Clause 3(3) deals with the situation where a person becomes incompetent before having made a decision. In that case, a request to withhold/withdraw treatment could be made by (1) a proxy appointed under provincial law; (2) if there is no proxy, a legal representative having the authority to make personal health care decisions for the patient; or (3) if there is neither a proxy or a personal health care representative, the person most intimately associated with the patient.

Clause 4 is the definition section; the definitions of "competent," "free and informed request," "health care provider," and "life-sustaining medical treatment" have been discussed above.

Clause 5 states that nothing in the Act would impose a duty to provide medical treatment. One of the purposes of the Act is to clarify that a patient can make the decision to refuse treatment, but such a decision has no effect on the provision of treatment. If a health care professional feels that treatment is futile, he or she is under no new obligation to provide it. Similarly, if a health care professional feels uncomfortable with providing a level of pain control that may shorten life, the bill clarifies that he or she is not under any new obligation to provide it.
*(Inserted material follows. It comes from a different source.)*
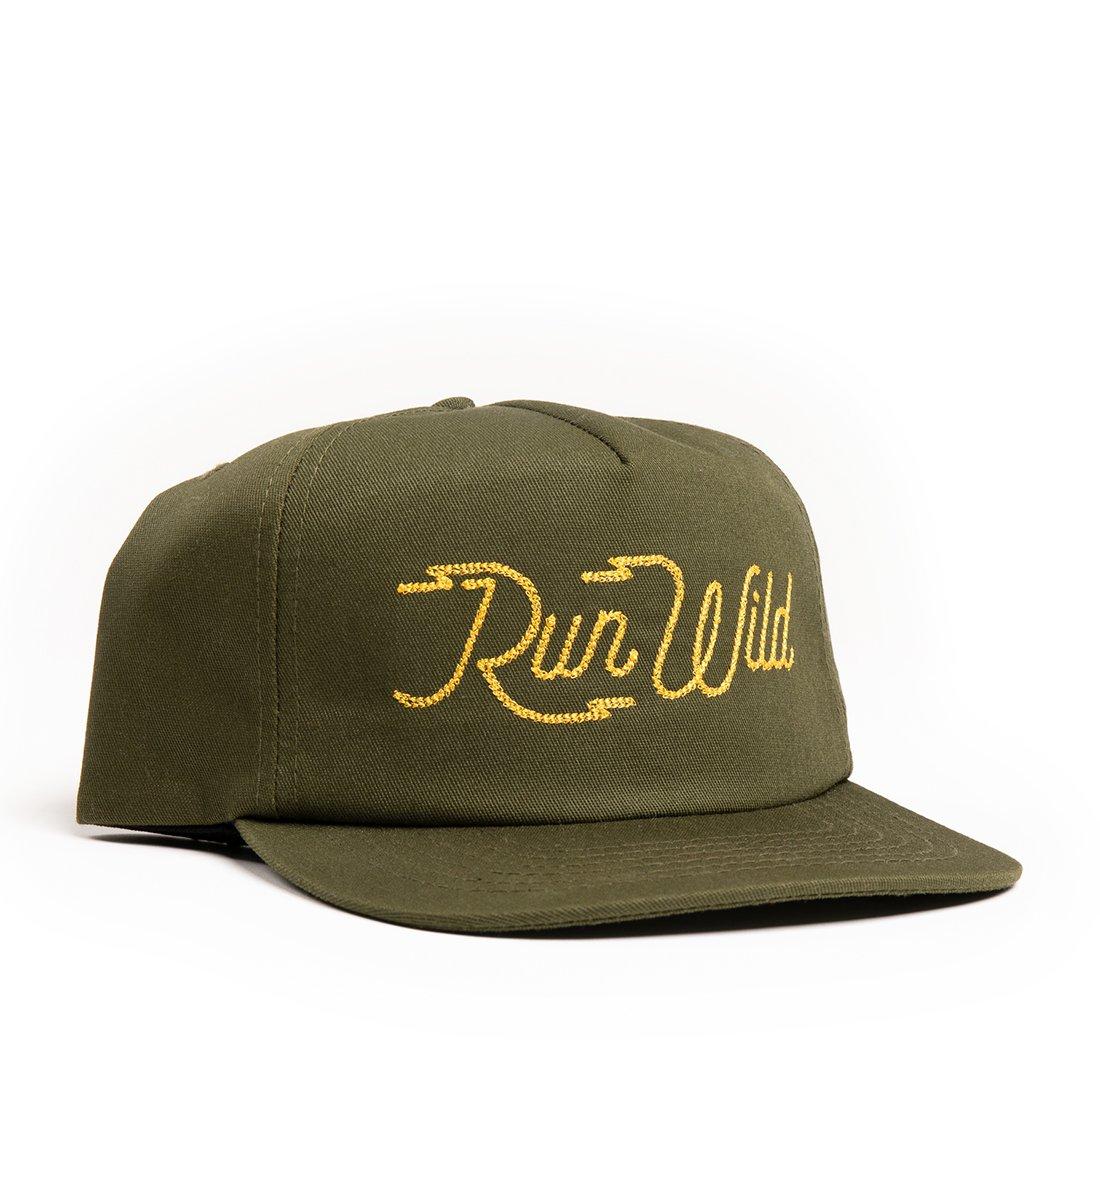 runwild-hat-front_2000x.jpg

Clause 6 recognizes that many of the recommendations of the Special Committee involve the need for research and guidelines. Because the issues surrounding pain control and withholding/withdrawing of treatment fall so much into a "grey" area, accurate information tends not to be available. Bill S-2, by clarifying the legal situation, should greatly assist in making such data available, but the need for education and guidelines would continue. Because the provinces play such an important role in health care, the clause makes clear that Minister of Health’s mandate could include coordinating, with provincial authorities and professional health care associations, the establishment of national guidelines for withholding/withdrawal of treatment, pain control and palliative care. The Minister of Health would also be authorized to encourage public education with respect to pain control and palliative care. Clause 6 also proposes that the Minister be given the mandate to monitor the effects of S-2 on the withholding and withdrawal of treatment.